TASK REQUIREMENTS = Would you reproduce the data below exactly, please, leaving out its images?

*** Opening SOURCE MATERIAL ***

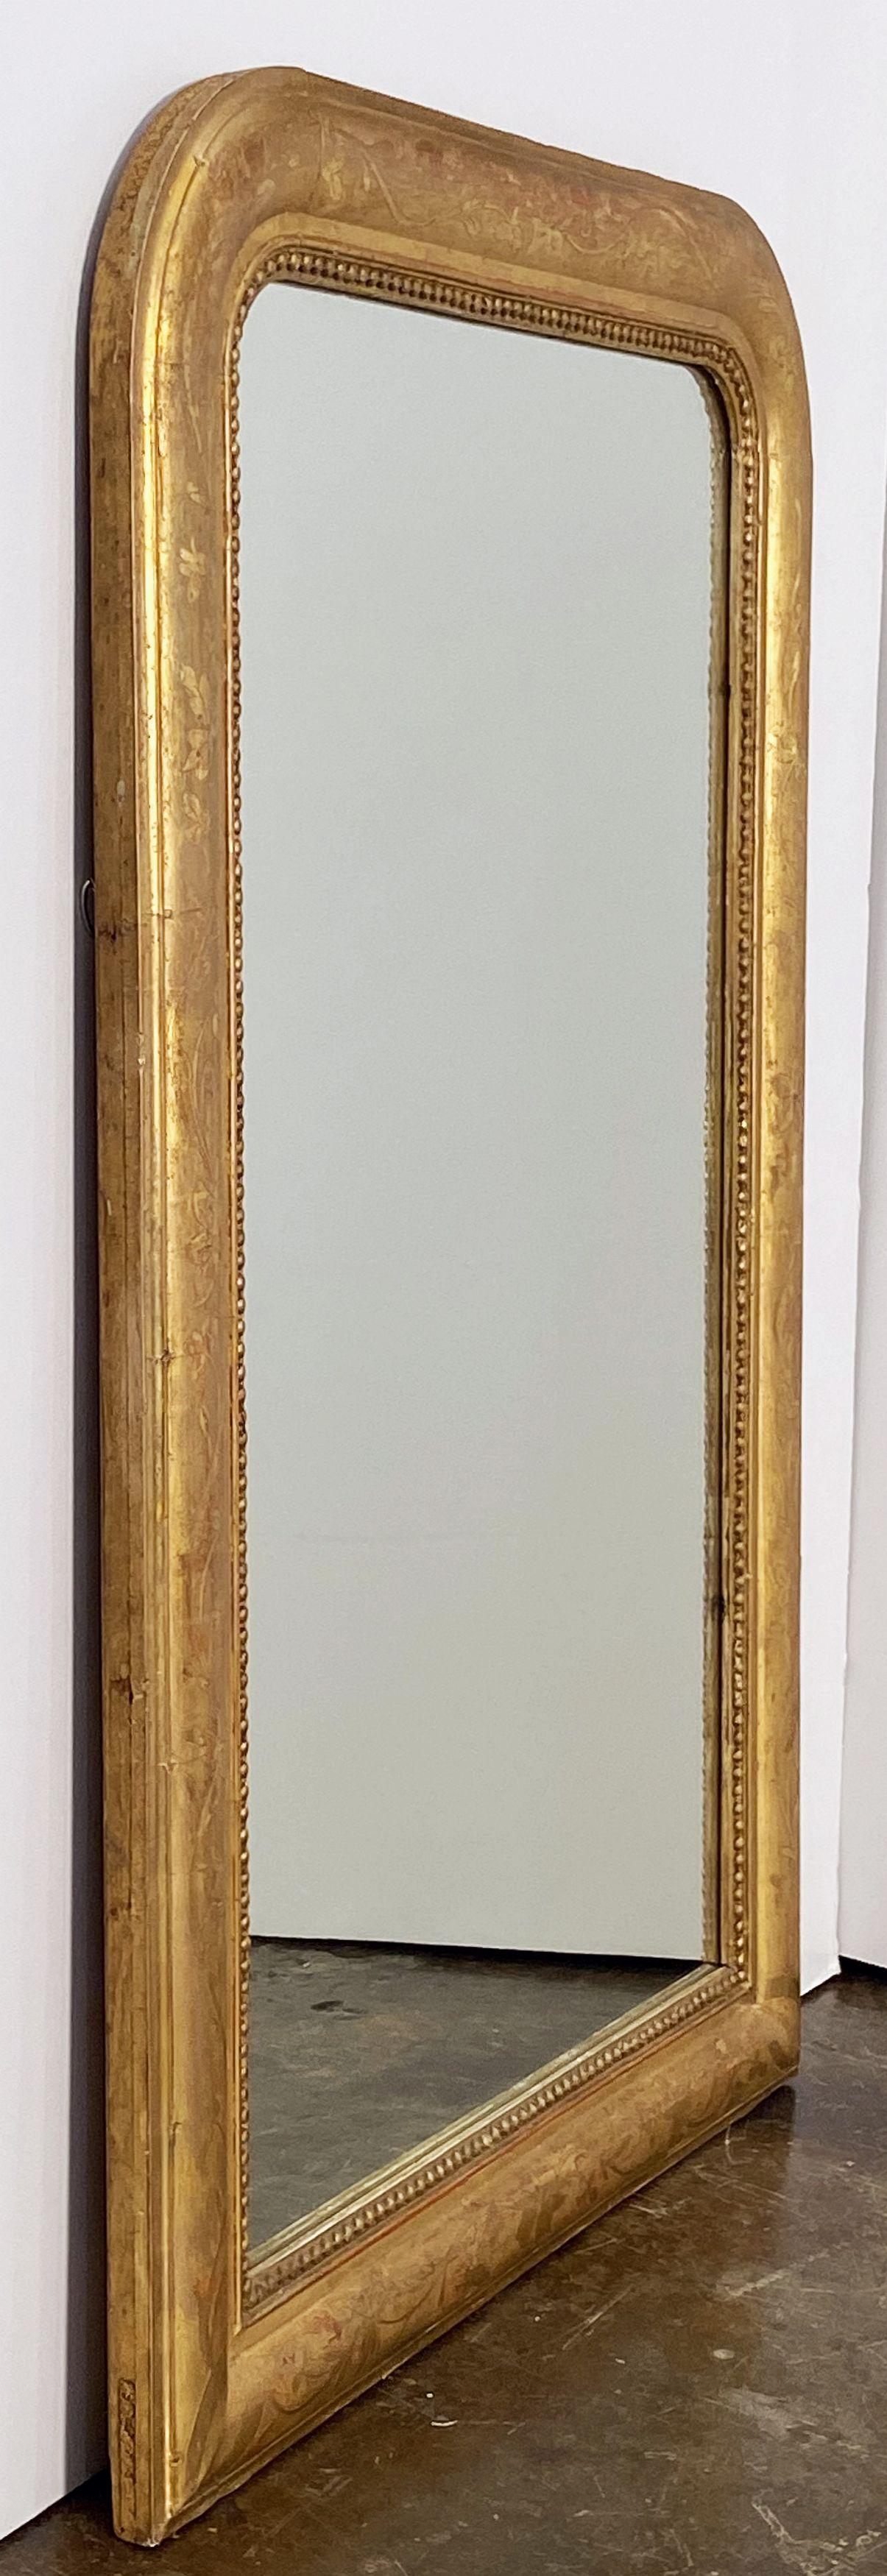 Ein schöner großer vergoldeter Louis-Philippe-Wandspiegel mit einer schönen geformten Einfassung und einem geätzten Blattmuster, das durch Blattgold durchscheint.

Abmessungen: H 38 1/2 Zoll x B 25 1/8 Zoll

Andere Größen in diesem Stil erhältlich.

*** Closing SOURCE MATERIAL ***

WRITTEN ANSWER =
 Ein schöner großer vergoldeter Louis-Philippe-Wandspiegel mit einer schönen geformten Einfassung und einem geätzten Blattmuster, das durch Blattgold durchscheint.

Abmessungen: H 38 1/2 Zoll x B 25 1/8 Zoll

Andere Größen in diesem Stil erhältlich.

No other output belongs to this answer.